--- Your task ---
With pictures omitted, restate the data word for word.

--- Data block ---
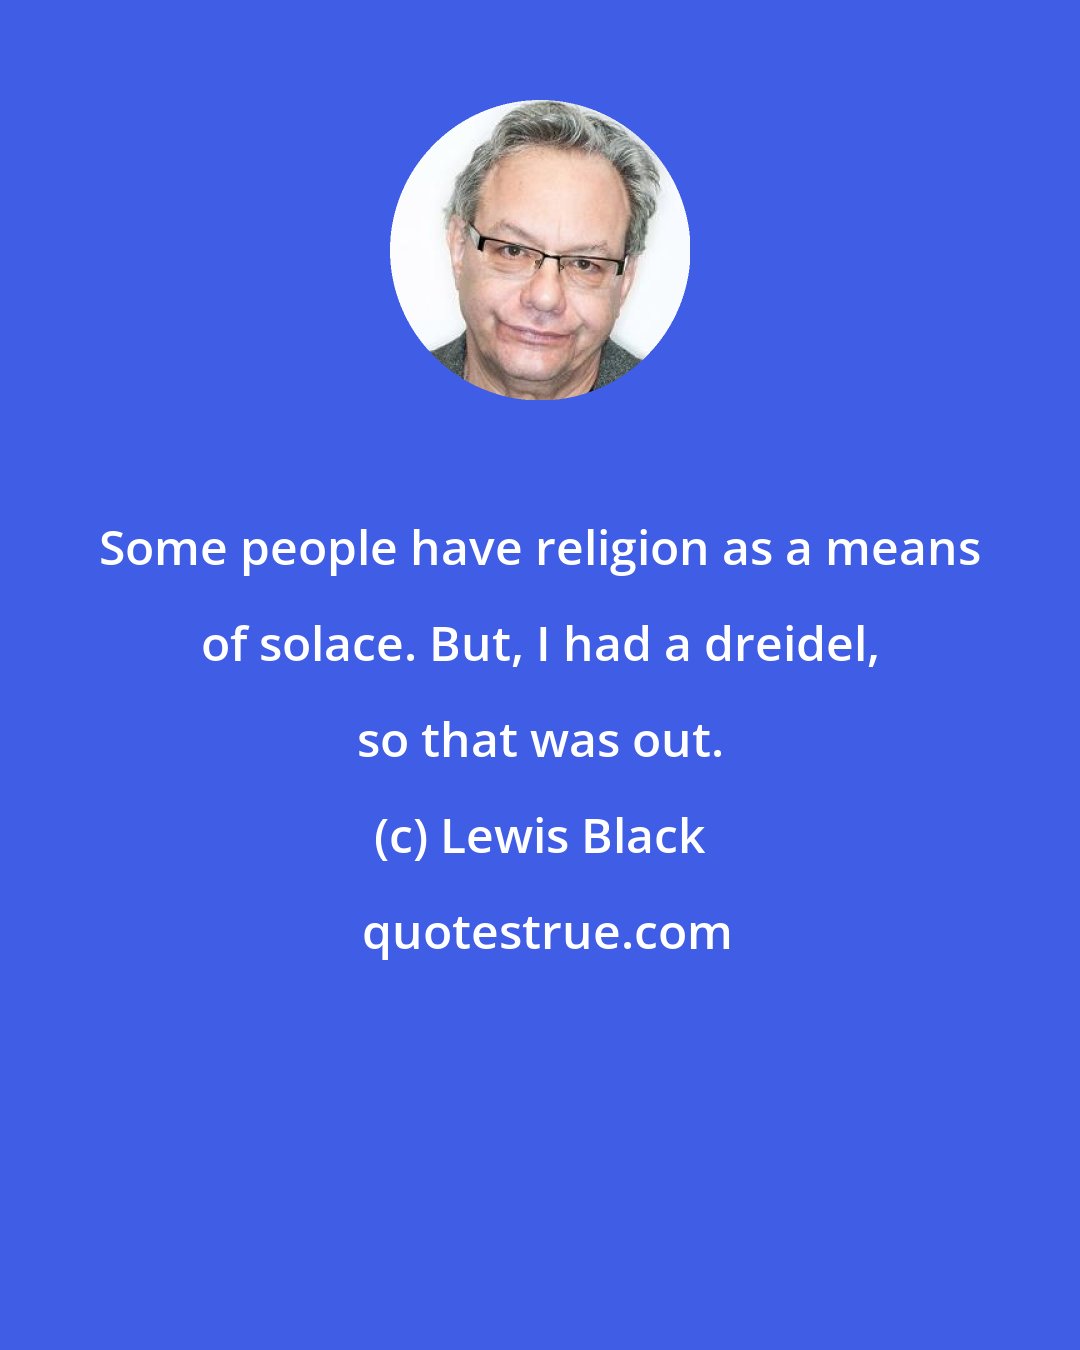 Lewis Black: Some people have religion as a means of solace. But, I had a dreidel, so that was out.
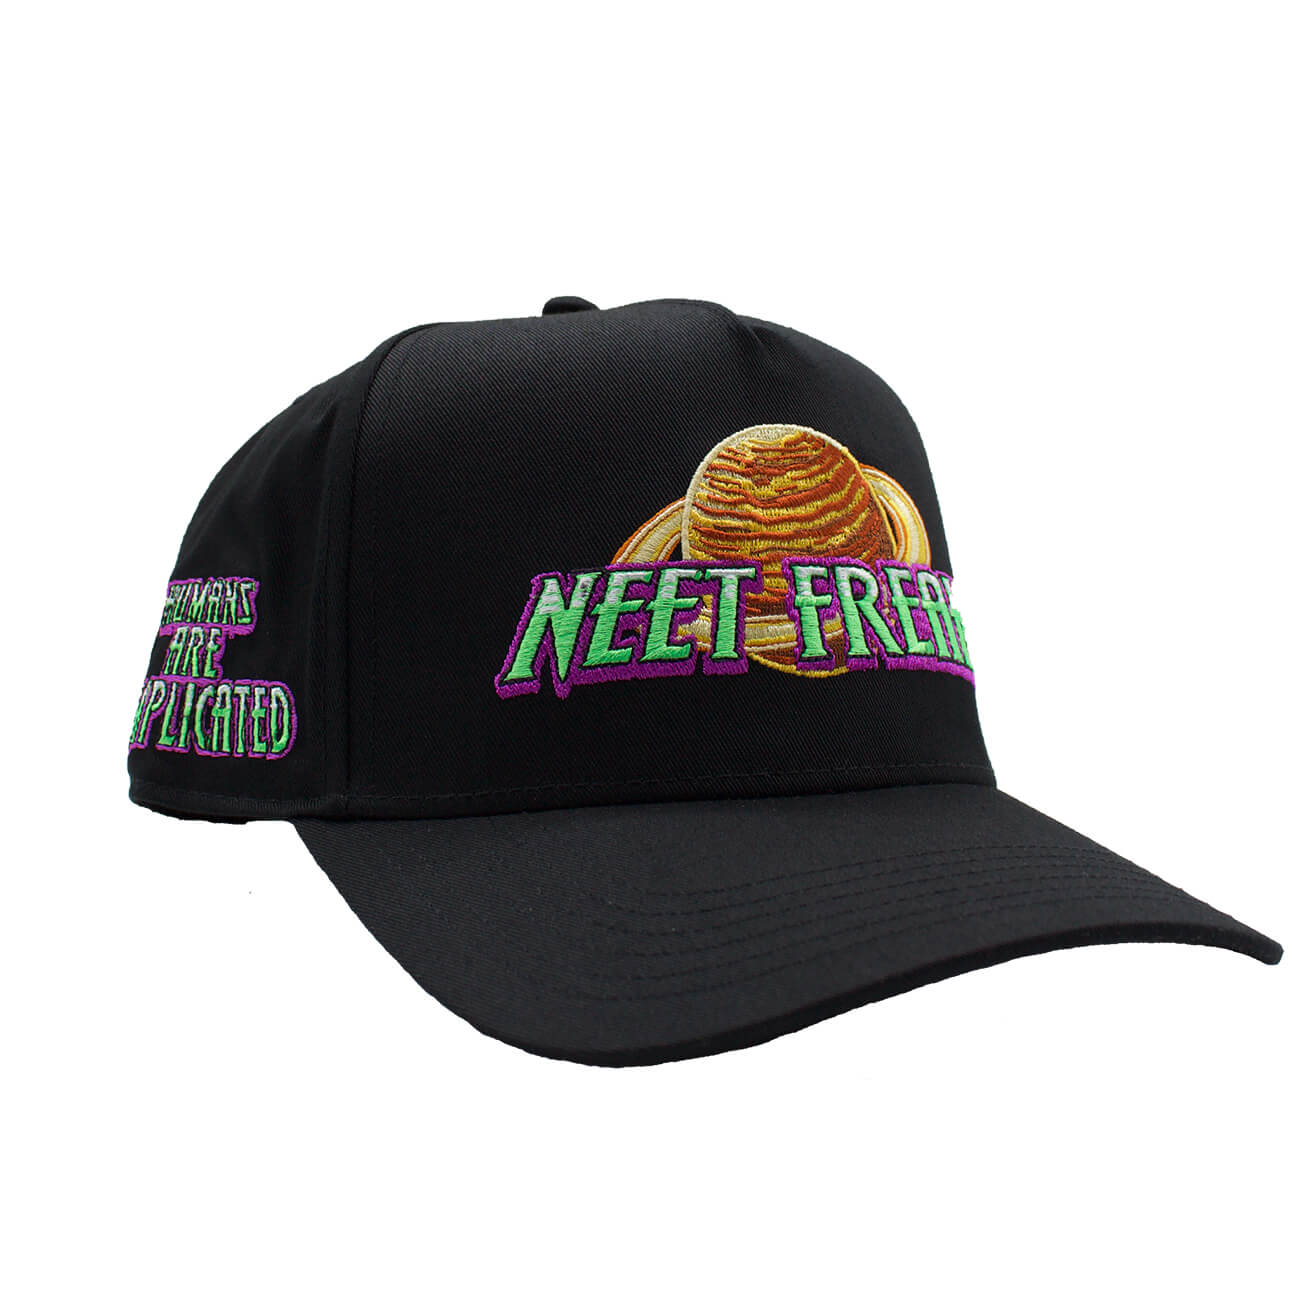 Out of this World Black Trucker Hat
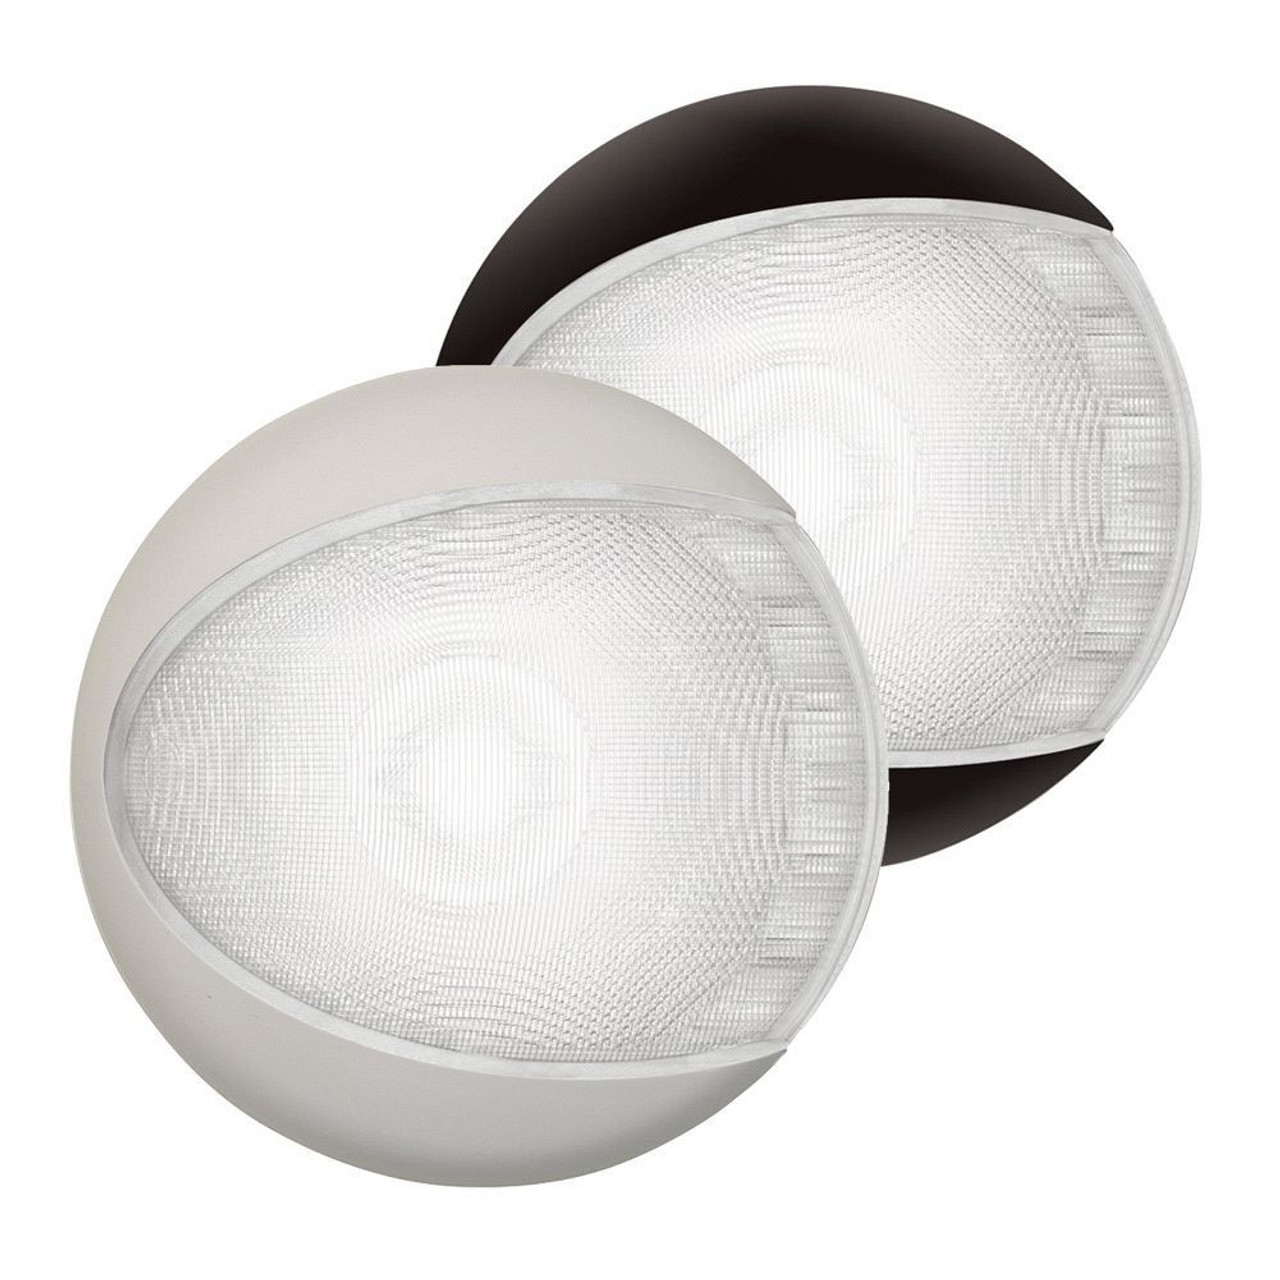 Hella Marine - White EuroLED Touch Lamps - EuroLED Touch - 5000K, IP6K6, 0.33A, 4W - Apollo Lighting

--- Written solution ---
 Lewis Black: Some people have religion as a means of solace. But, I had a dreidel, so that was out.
 Out of this World Black Trucker Hat
 Hella Marine - White EuroLED Touch Lamps - EuroLED Touch - 5000K, IP6K6, 0.33A, 4W - Apollo Lighting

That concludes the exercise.